Leeds Arts Club
Whilst in Leeds Sadler became President of the avant-garde modernist cultural group the Leeds Arts Club. Originally founded in 1903 by Alfred Orage, the Leeds Arts Club was an important meeting ground for radical artists, thinkers, educationalists and writers in Britain, and had strong leanings to the cultural, political and theoretical ideas coming out of Germany at this time.

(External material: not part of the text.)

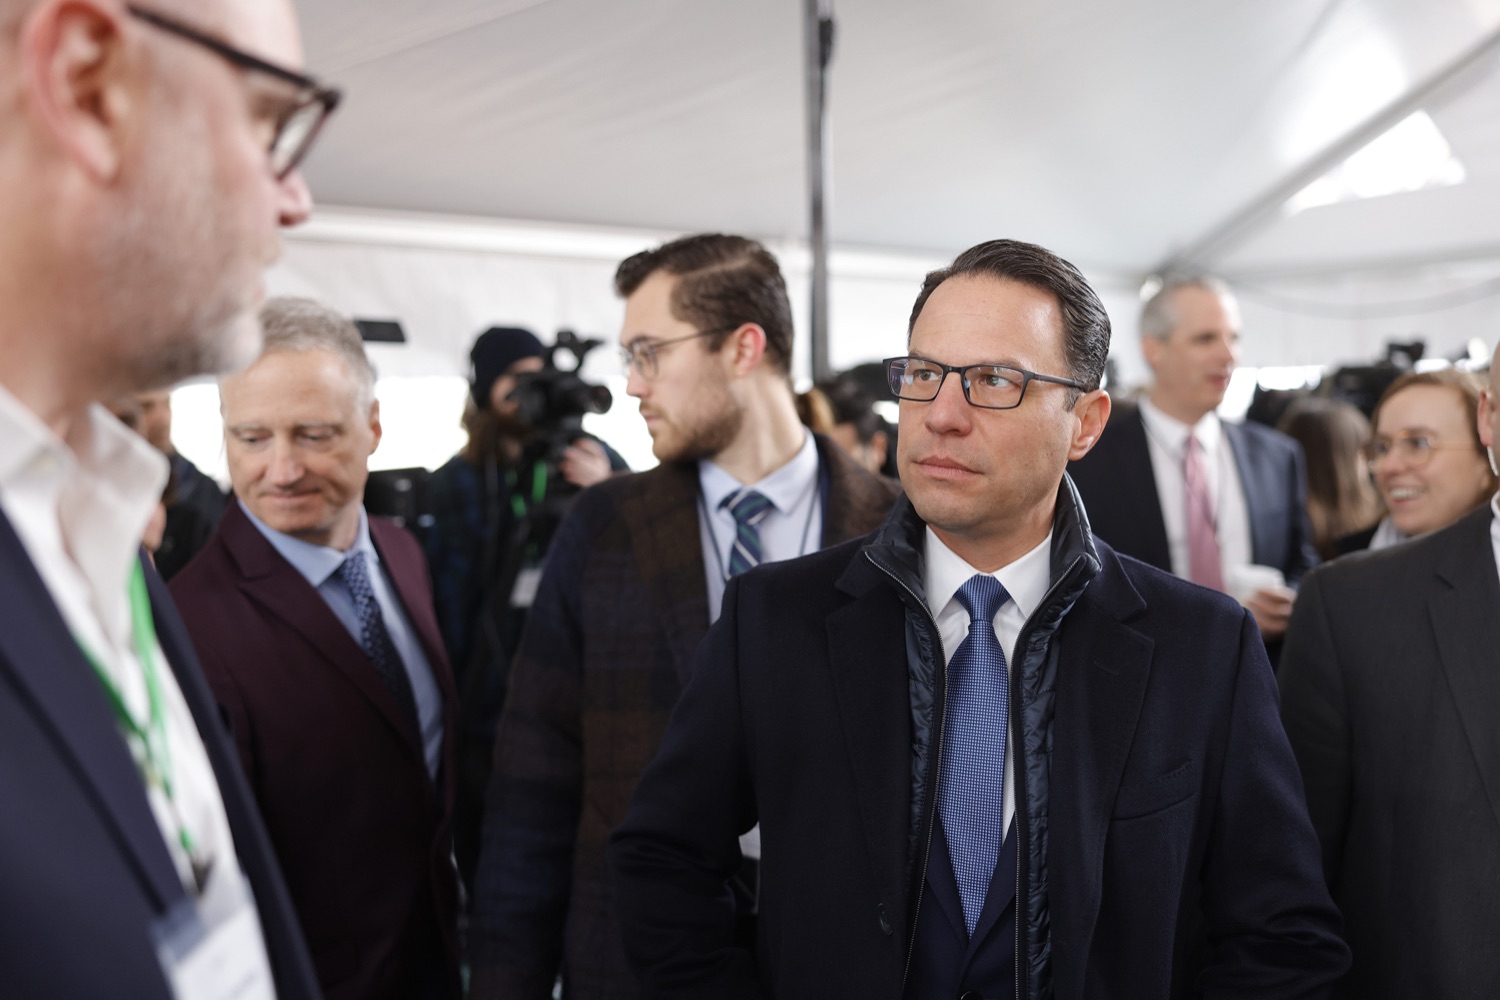 Pennsylvania Governor Josh Shapiro speaks with attendees.  Pennsylvania Governor Josh Shapiro participates in a groundbreaking for Spark Therapeutics at the future site of their new building, at 30th and Chestnut streets.  FEBRUARY 28, 2023 - PHILADELPHIA, PA<br><a href="https://filesource.amperwave.net/commonwealthofpa/photo/22728_gov_spark_dz_0021.JPG" target="_blank">⇣ Download Photo</a>

Using his personal links with Wassily Kandinsky in Munich, Sadler built up a remarkable collection of expressionist and abstract expressionist art at a time when such art was either unknown or dismissed in London, even by well-known promoters of modernism such as Roger Fry. Most notable in his collection was Kandinsky's abstract painting Fragment for Composition VII, of 1912, a painting that was in Leeds and on display at the Leeds Arts Club in 1913. Sadler also owned Paul Gauguin's celebrated painting "The Vision After the Sermon", and according to Patrick Heron, Sadler even had Kandinsky visit Leeds before the First World War, although this claim is uncorroborated by other sources
With Frank Rutter, Sadler also co-founded the Leeds Art Collections Fund to help Leeds City Art Gallery. In particular the aim of the Fund was to bypass the financial restraints placed on the Gallery by the municipal authorities in Leeds, who had, in the opinion of Sadler, a dislike of modern art.